# Hybrid Imperial Guard?



## Necrotes (Sep 27, 2009)

So I was looking through my codex and thinking what units to buy for my imperial guard and wondered if using a hybrid army with mechanized elements backed up by blobed squads would be effective? Mainly I am looking for units to take and how to maximize their effectiveness with a hybrid list. Any and all help is greatly appreciated.


----------



## Cyleune (Nov 10, 2010)

LR Demolishers with 20 man infantry squads and a commissar with them are good. Obviously the infantry walks in front of the Tank as it advances. You can do the same thing with LRBT's as well.

On the other hand, making Artillery batteries with blobbed squads is good too, just make sure the squads have enough firepower to kill advancing MEQs and tanks (LCs, Autocannons, HBs...)


----------



## jaws900 (May 26, 2010)

I'm more of a Gun line person my self and rarely have to move any of my men however i think that a mech/foot hybrid is good (i use one).
You mainly want some ranged power such as lascannon Infantry swuads, Mortar Commands, Autocannon Heavy teams and Ratlings at basic form. You then supplement them with Leman Russ's (of any type really), Basalisk/Medusa, Mandicore's and the like. you should never really need to move other than objective grabbing so you won't need Valkaries or Chimeras at all


----------



## ElCheezus (Jan 19, 2011)

I actually just posted a list for hybrid IG at 1500. One of my tempted revisions is a Demolisher, but I'd actually have my vehicles out front most of the time, unless there was something for the blobs to handle. Check it out and let me know what you think.

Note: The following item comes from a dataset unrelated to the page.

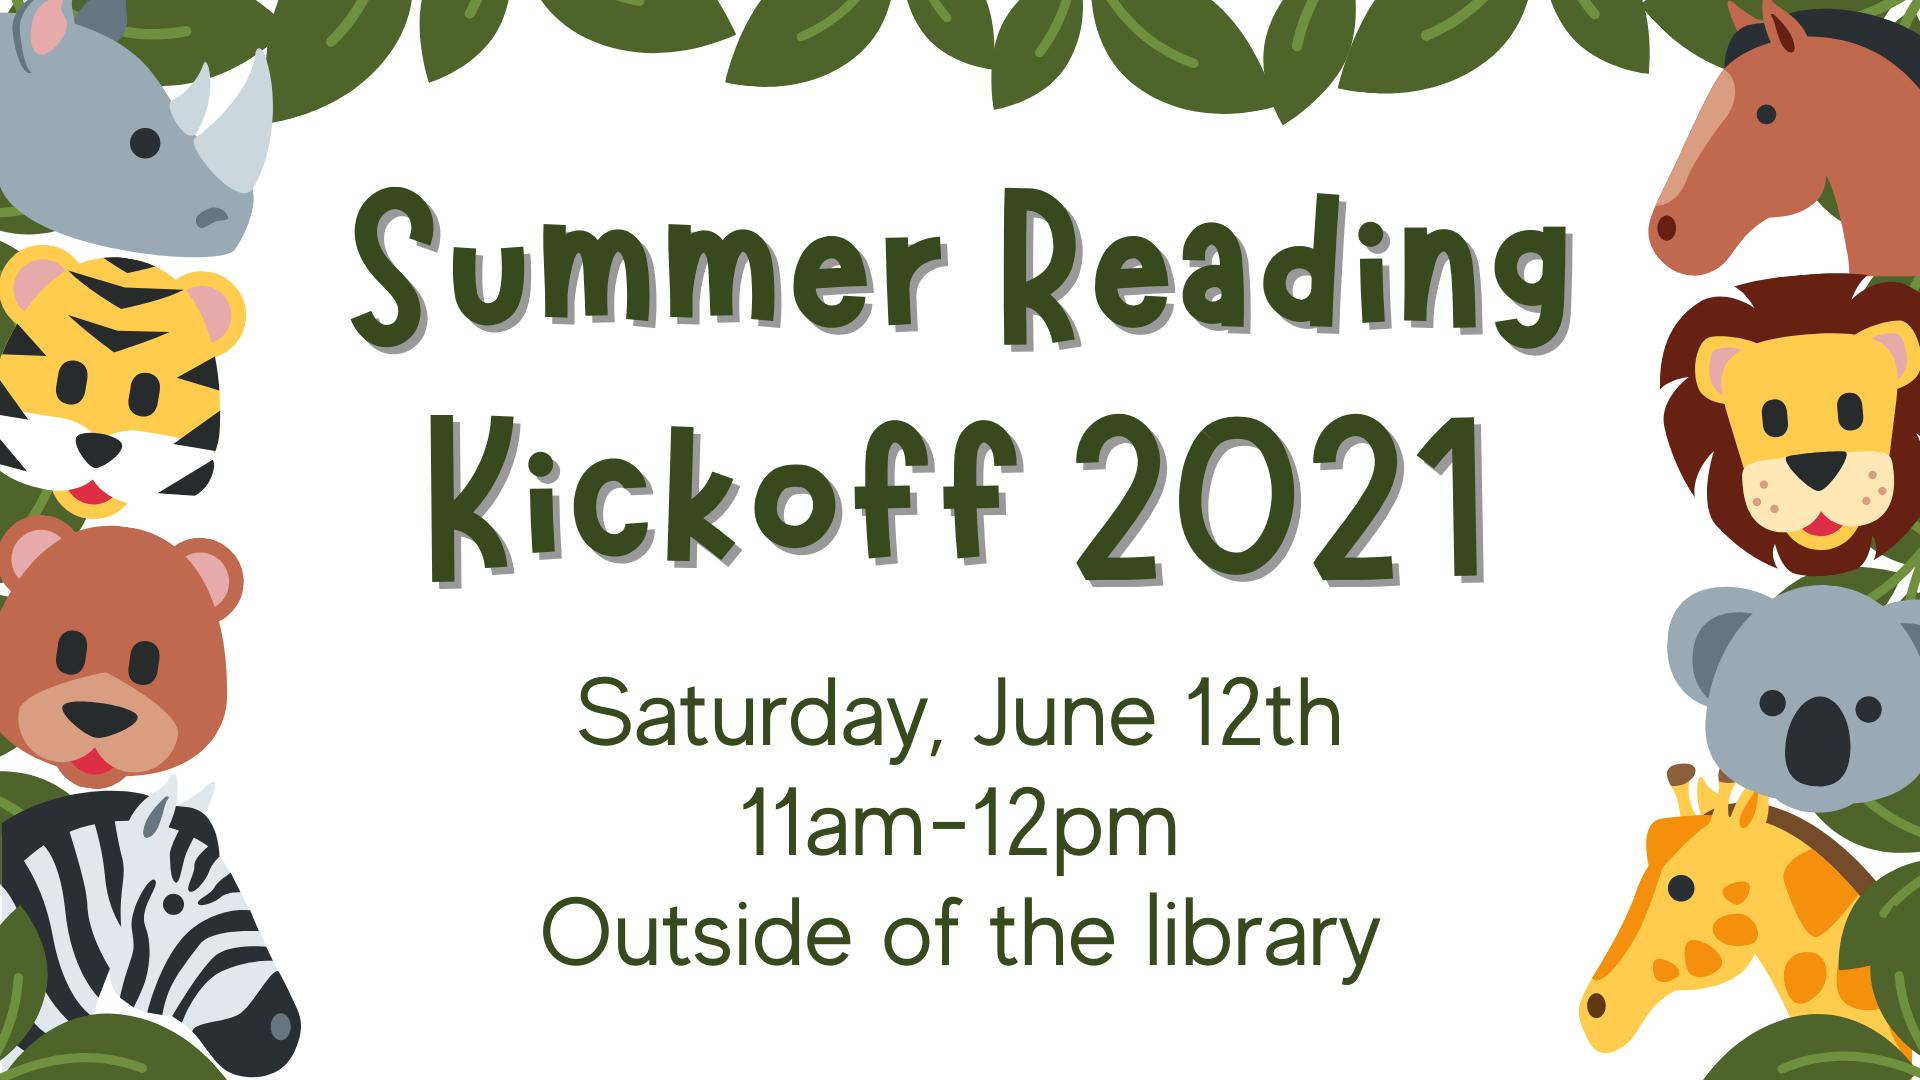 Summer Reading Kickoff!

I opted away from artillery. If you run blobs and play them aggressively like I think you ought, then stray shots from your artillery could end up killing more of your guys than the opponent does. I'm all for throwing guardmen bodies at an enemy, but I want them to do the killing, not me. If you run artillery and long range firepower, I think you need enough of it to guarantee the oponent comes to you, so you don't have to wade into your own firepower. The problem then is that fast armies like DEldar or BA will get into your minimum ranges too quickly. I dunno, I'm basically just undecided on artillery I guess.


----------



## Hail to the Emporer! (Feb 25, 2011)

I find that en-mass infantry can take on most deep-strike armies.
Just today I played against a terminator-based Space Marine army (Lysander, 3 terminator squads, dreadnaught).
End score (kill points):
Imperial guard: 4
Space Marines: 1
I just bombed his guys with lasguns and Battle Cannons as soon as they came on (not to mention the sergeant who killed a Storm-shield termi with his laspistol, then killed another in close-combat).
Just swamp them with troops, and a couple of hard-to-crack Tanks.


----------